今や日本代表の絶対的な存在にある大迫勇也もルヴァンカップ決勝で躍動した

 そんな鹿島の攻撃において、重要な役割を担っていたのが、2トップの一角を担う21歳、大迫勇也だった。

 DFを背負ったときに無類の強さを見せる背番号9は、力強いボールキープから味方を使ったり、自らターンして前を向いたりと、効率のいいチャンスメイクが目立っていた。

 互いに持ち味を発揮するものの、得点には至らない。そんな展開のまま、両チームがひとりずつの退場者を出した死闘は、スコアレスのまま延長へ。そして迎えた、延長前半終了間際のことだった。

 鹿島は、田代有三とのパス交換で左サイドを突破した興梠慎三が、スピードに乗ったドリブルでペナルティーエリアに進入。丁寧なクロスをゴール前へ送ると、そこへ走り込んできたのは大迫である。

 絶好のクロスに大迫が右足をワンタッチで合わせると、ボールは難なくゴールへ転がり込んだ。

 当時プロ3年目の大迫は、まだまだチーム内でも絶対的な存在とはなり得ていなかった。J1でのゴール数も、3シーズン通算でようやくふた桁に乗せたばかりのころだった。

 それだけに、常勝軍団のストライカーとして責務を果たすそのゴールは、大迫という存在を広く知らしめ、彼自身にも大きな自信をもたらすものになったはずである。

 翌2012年の第20回大会決勝は、連覇を狙う鹿島と清水エスパルスの対戦だった。

 晴れの舞台で主役を務めたのは当時20歳、プロ2年目の柴崎岳である。

 偶然にも、この試合の直前にリーグ戦(J1第30節)でも顔を合わせていた両者の対戦は、アウェーの清水が2-1で勝利。その時点での順位も、清水が4位に対し、鹿島は13位と、前回王者は苦しい状況下で大一番を迎えていた。
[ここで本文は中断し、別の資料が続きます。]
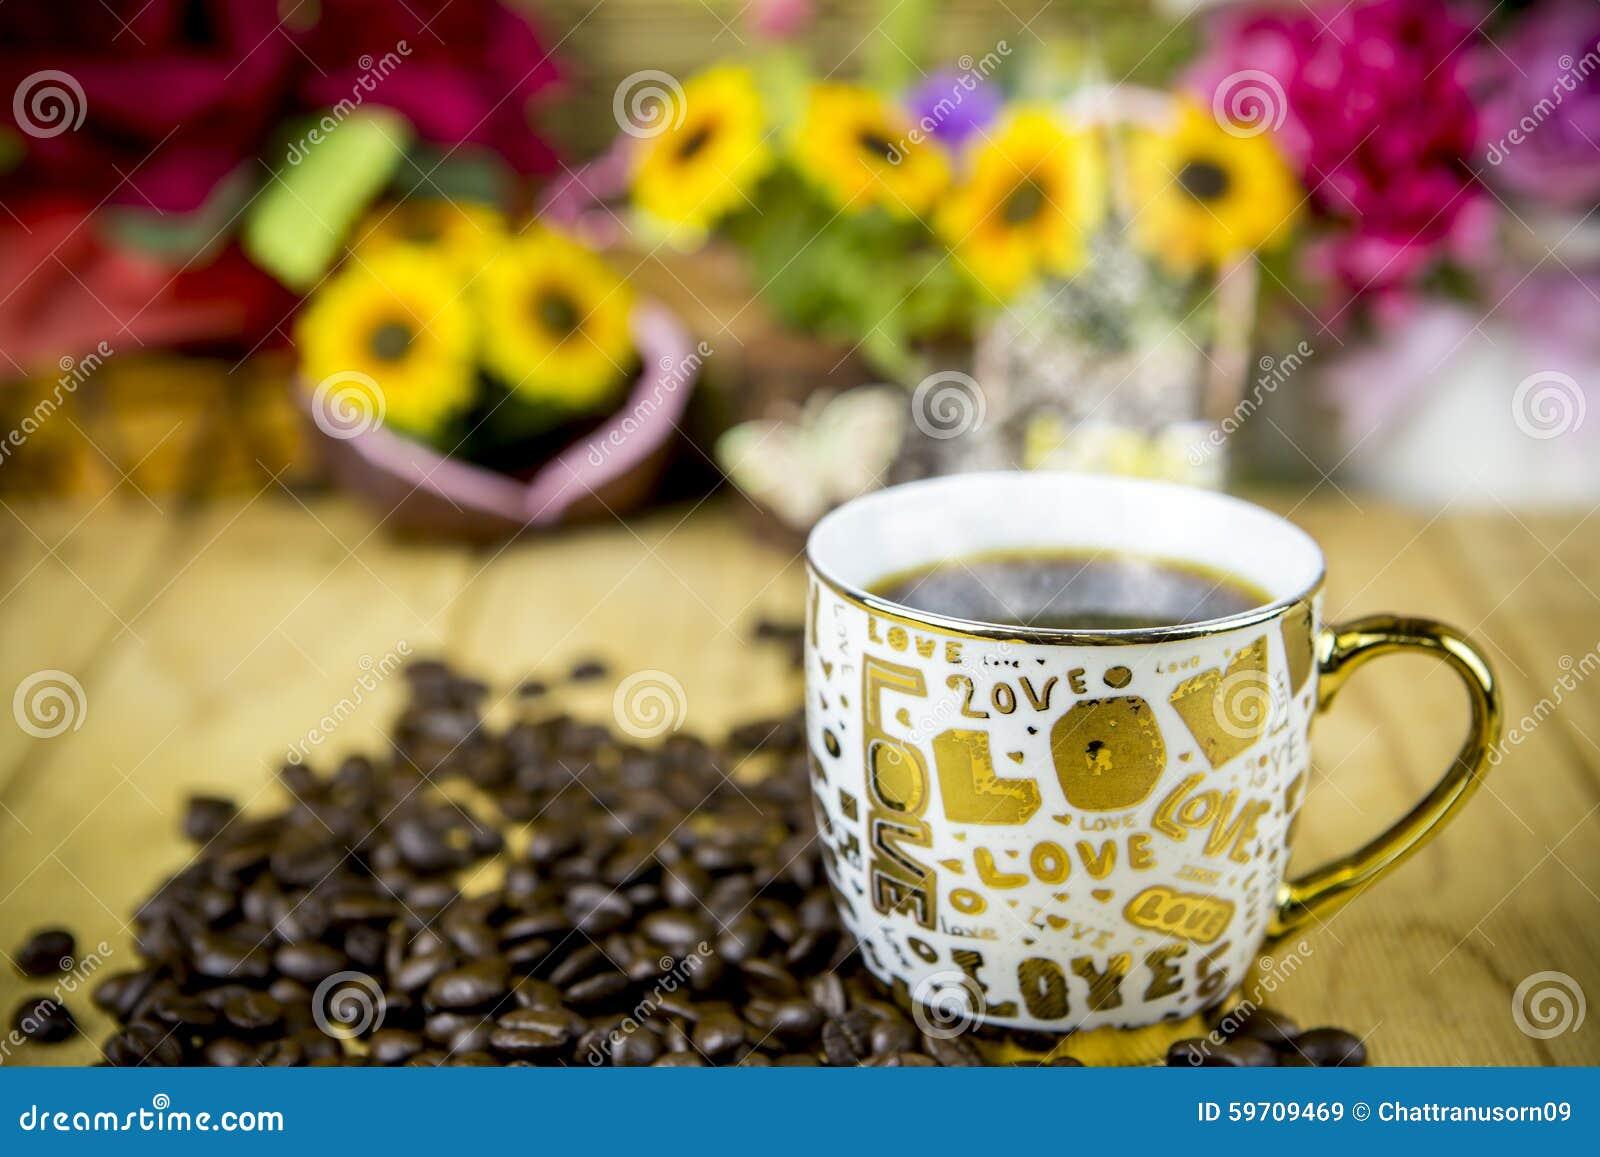 ein tasse kaffee kostet auf einem holztisch stockfoto. Black Bedroom Furniture Sets. Home Design Ideas

 しかも、前哨戦ともいうべきその試合は、鹿島がボールポゼッションでも、チャンスの数でも上回るものの、得点につながらず、逆に一瞬の隙から失点して勝ち点を落としてしまう。鹿島の不調を象徴するような試合に終わっていた。

 若手を中心としたメンバー構成で勢いに乗る清水が有利――。そんな見立てが一般的だった試合は、実際、より長くボールを保持し、攻撃の回数を増やすという意味では、清水が攻勢に進めていた。

 だが、大一番での勝負強さに定評がある鹿島は、清水のサイド中心の攻撃をうまく潰し、カウンターを主体に反撃。すると73分、相手CKからのカウンターで、長い距離を走ってゴール前に飛び込んだ柴崎が倒され、鹿島は首尾よくPKを得る。

 これを柴崎自らが落ち着いて決め、まんまと先制することに成功した。

 そして、清水が同点に追いつき、1-1のまま延長に突入して迎えた延長前半の93分、この試合最大の見せ場がやってくる。

 左から右、右から左と、大きくサイドチェンジするようにつながれたパスが、攻め上がりのタイミングを見逃さず、ペナルティーエリア内のスペースに走り込んだ柴崎の足元へ。これを絶妙なトラップでピタリと止めた柴崎は、流れるようにシュートへと持ち込み、ブロックしようと必死で足を伸ばす相手DFの足先をかすめるように、ボールを逆サイドネットへ突き刺した。

 これが決勝点となって、鹿島は2-1で勝利。清水にリーグ戦の借りを返すとともに、クラブ史上初のルヴァンカップ連覇を成し遂げたのである。

 この決勝を前に、当時の柴崎がJ1で記録していたゴール数は通算でもわずかに1。もちろん、1試合2ゴールなどあったはずがない。にもかかわらず、それは起きた。

 ニューヒーローの誕生が名勝負を生み、名勝負に彩りを加える――。ルヴァンカップ決勝の歴史である。